In addition, the food to be tested used in the creation may include organic foods, genetically modified foods, and foods containing various food additives. The organic food may be, for example, organic miscellaneous grains (soya beans, mung beans, etc.), organic fruits, organic vegetables, organic tea leaves, organic livestock and poultry products, organic aquatic products, organic milk powder, and processed products thereof, but are not limited thereto. . The genetically modified food may be, for example, a genetically modified cereal (corn, soybean, etc.), a genetically modified fruit (papaya, tomato, etc.), a genetically modified vegetable, or a processed product thereof, but is not limited thereto. The food additive can be, for example, a bactericide (hydrogen peroxide), a food coloring (food yellow No. 5, edible red No. 7 aluminum lacquer, edible blue No. 1, etc.), a leavening agent (sodium alum, potassium alum, etc.), antiseptic Agents (alienic acid, calcium propionate, etc.), sweeteners (D-sorbitol, glycyrrhizin, etc.), bleaches (potassium sulfite, sodium bisulfite, etc.) and antioxidants (dibutylhydroxytoluene, L-ascorbic acid, etc., etc., but is not limited thereto.

The Drosophila unit 120 line comprises a fruit fly, and is respectively placed in an accommodation space containing the control medium 111 and an accommodation space containing the food medium 112 to be tested to feed the fruit fly. In this example, the wild type flies of the Canton S (CS) line were collected within 3 days, and the male and female were separated. (In addition to the test of reproductive ability and learning and memory ability, the test items of the present invention generally use the male fruit fly experiment. ). Each 30 to 35 fruit flies are used as a Drosophila unit 120, and each Drosophila unit 120 is placed in a control medium 111 or a food medium 112 to be tested, respectively, for raising for a predetermined period of time. Drosophila melanogaster (fruit fly) has a short generation period, with an average of two generations, and a pair of fruit flies can produce hundreds of offspring. In detail, male fruit flies can reach sexual maturity 12 hours after emergence, and female fruit flies can reach sexual maturity 8 hours after emergence. Female fruit flies can lay 2 to 20 eggs per hour at 25 ° C, and the sperm obtained from female mating at one time can supply about 6 to 8 times the amount of sperm needed for insemination (ie, without re-mating) spawning). Male fruit flies can be mated to 10 female fruit flies daily. Therefore, compared to other animal models, such as rats and mice, Drosophila can significantly shorten the time of the experiment and allow large-scale experiments. Therefore, it can be applied to detect the impact of a large number of foods or beverages on the vitality and bio-health activity of fruit flies. In addition, fruit flies are not controversial in animal ethics and are consistent with the principle of not harming abuse. Therefore, fruit flies are an excellent model for detecting the vitality and bio-health activity of food safety and food and beverage. In the present embodiment, in addition to the detection of fertility, the male detection adult male fly is used as the fruit fly unit 120. However, the present creation is not limited thereto, and the larva of Drosophila can also be used as the fruit fly unit 120.

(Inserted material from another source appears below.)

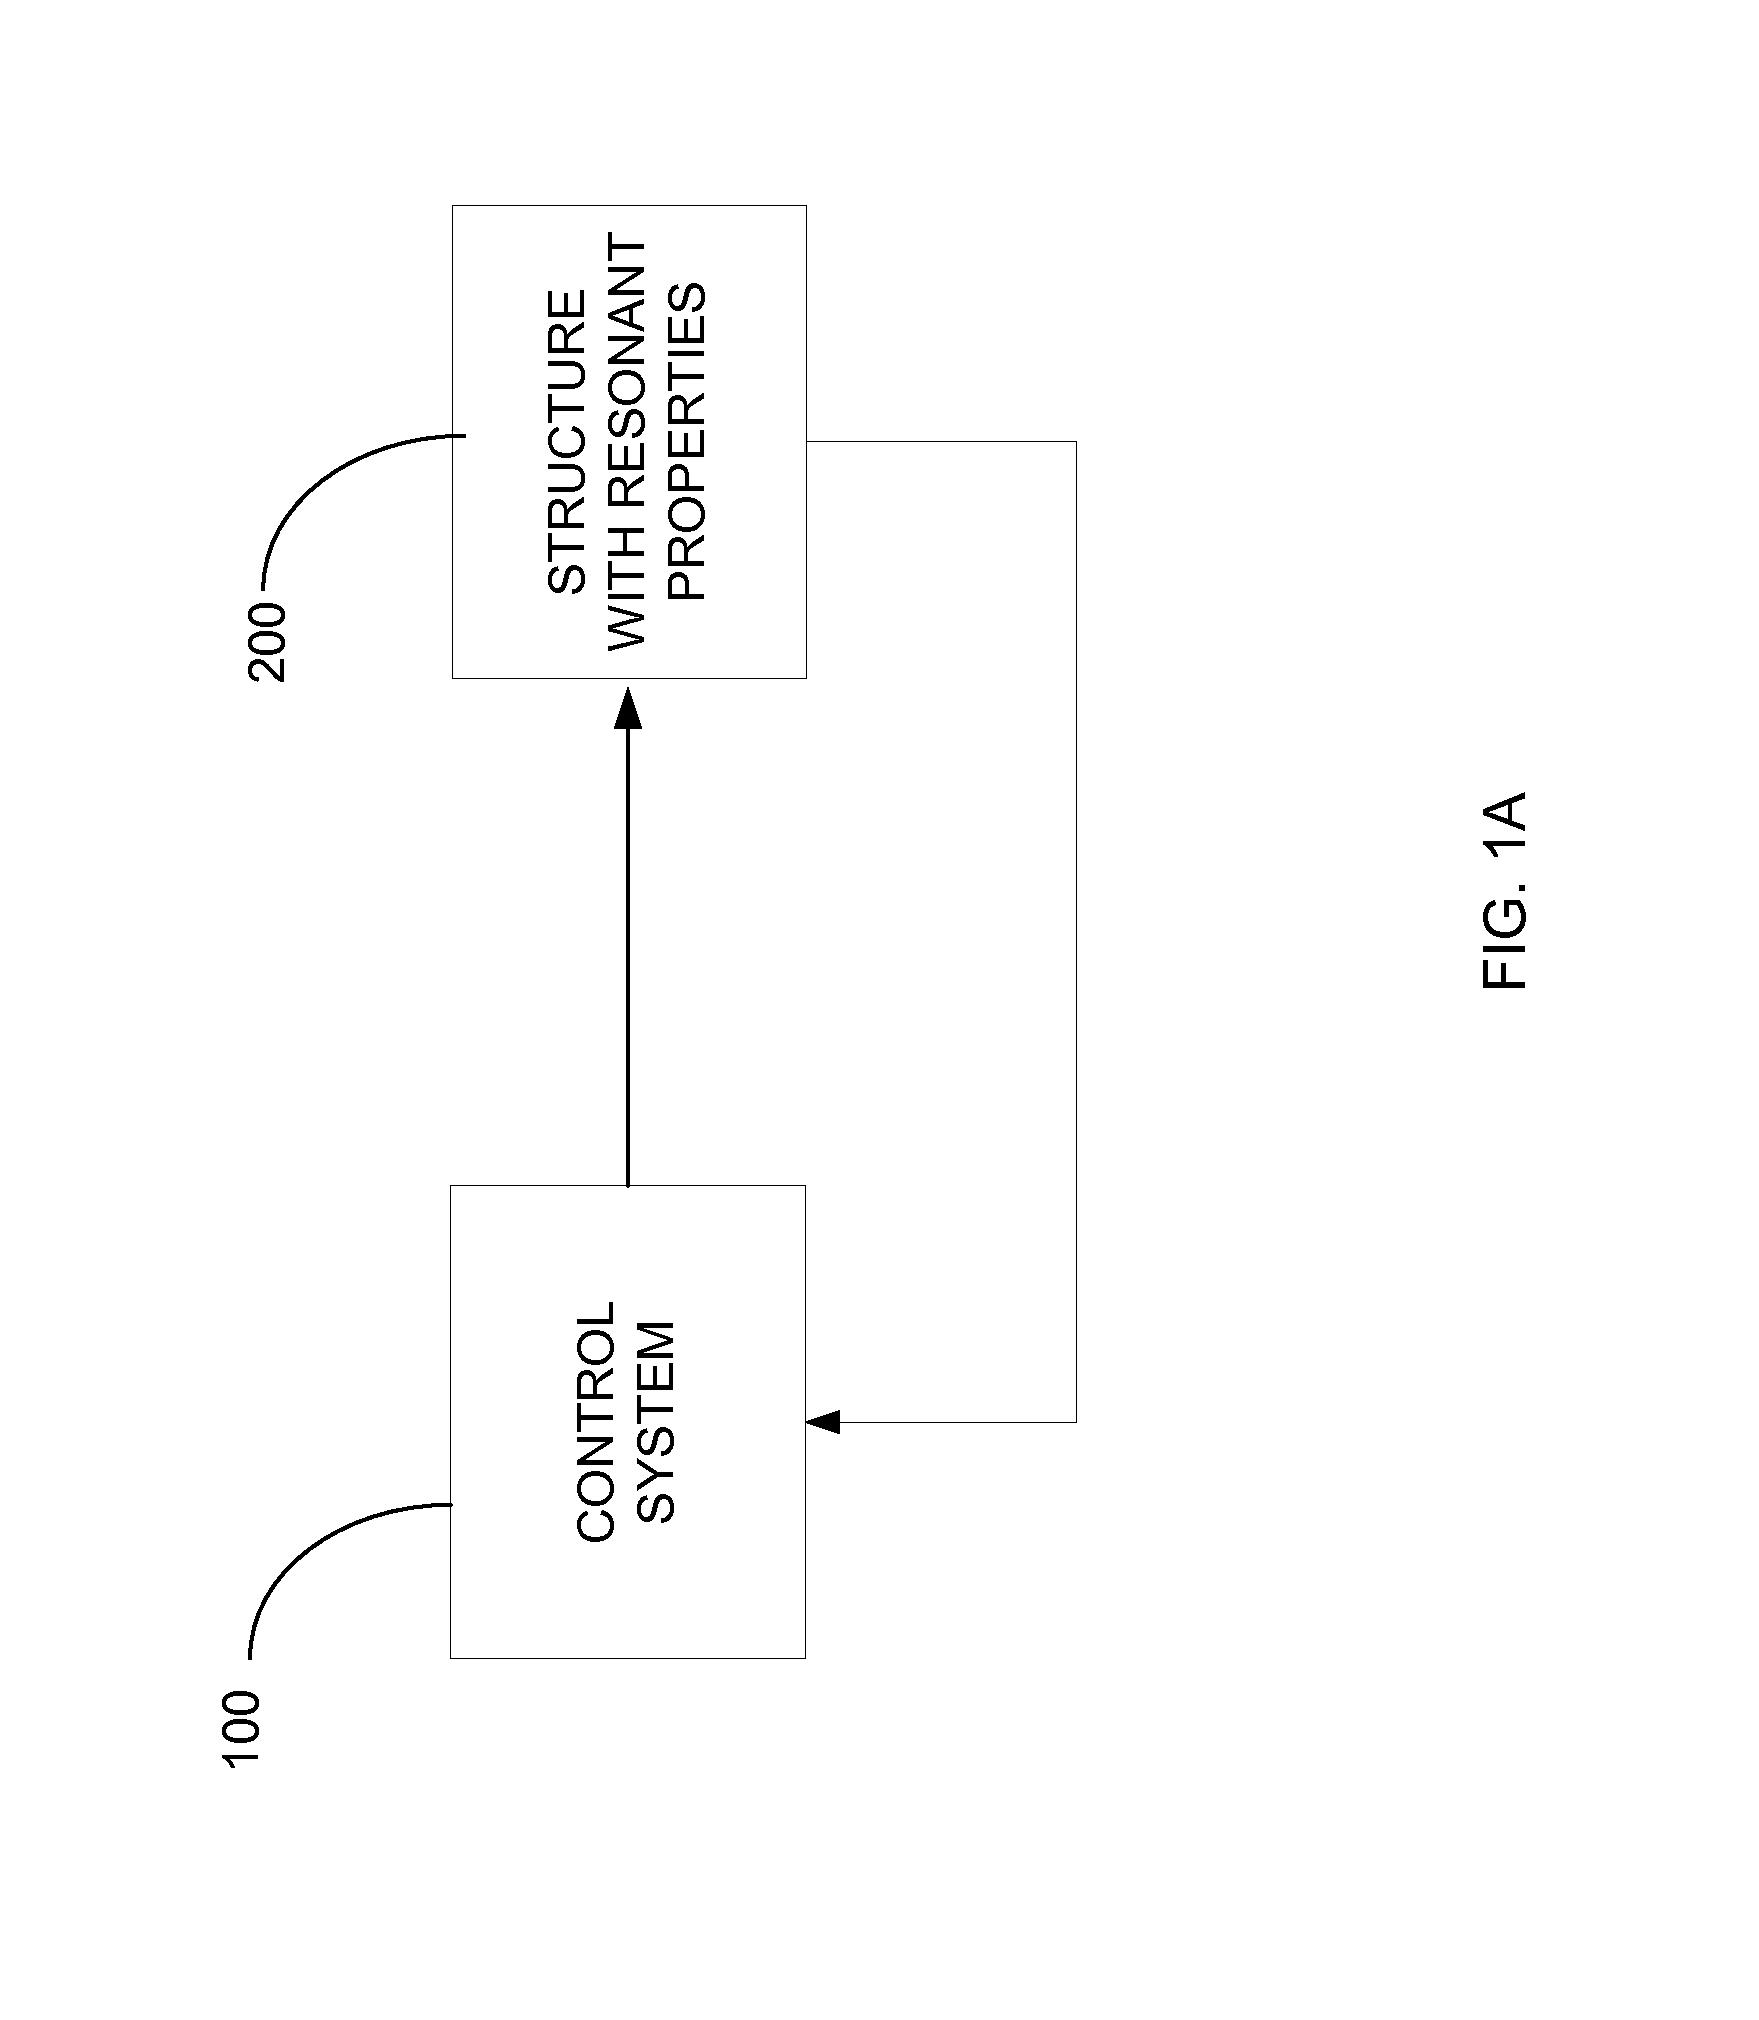 Dynamically detecting resonating frequencies of resonating structures

The physiological detection component 130 is disposed outside the breeding tank 110, and the feeding control medium 111 or the Drosophila unit 120 feeding the food medium 112 to be tested for a predetermined time is moved to the physiological detecting component 130 to perform a detection item, and the feeding control medium 111 is compared. The test data of the Drosophila unit 120 with the food medium 112 to be tested is used to obtain a result, and the food safety or bio-health activity of the food to be tested is evaluated by the result.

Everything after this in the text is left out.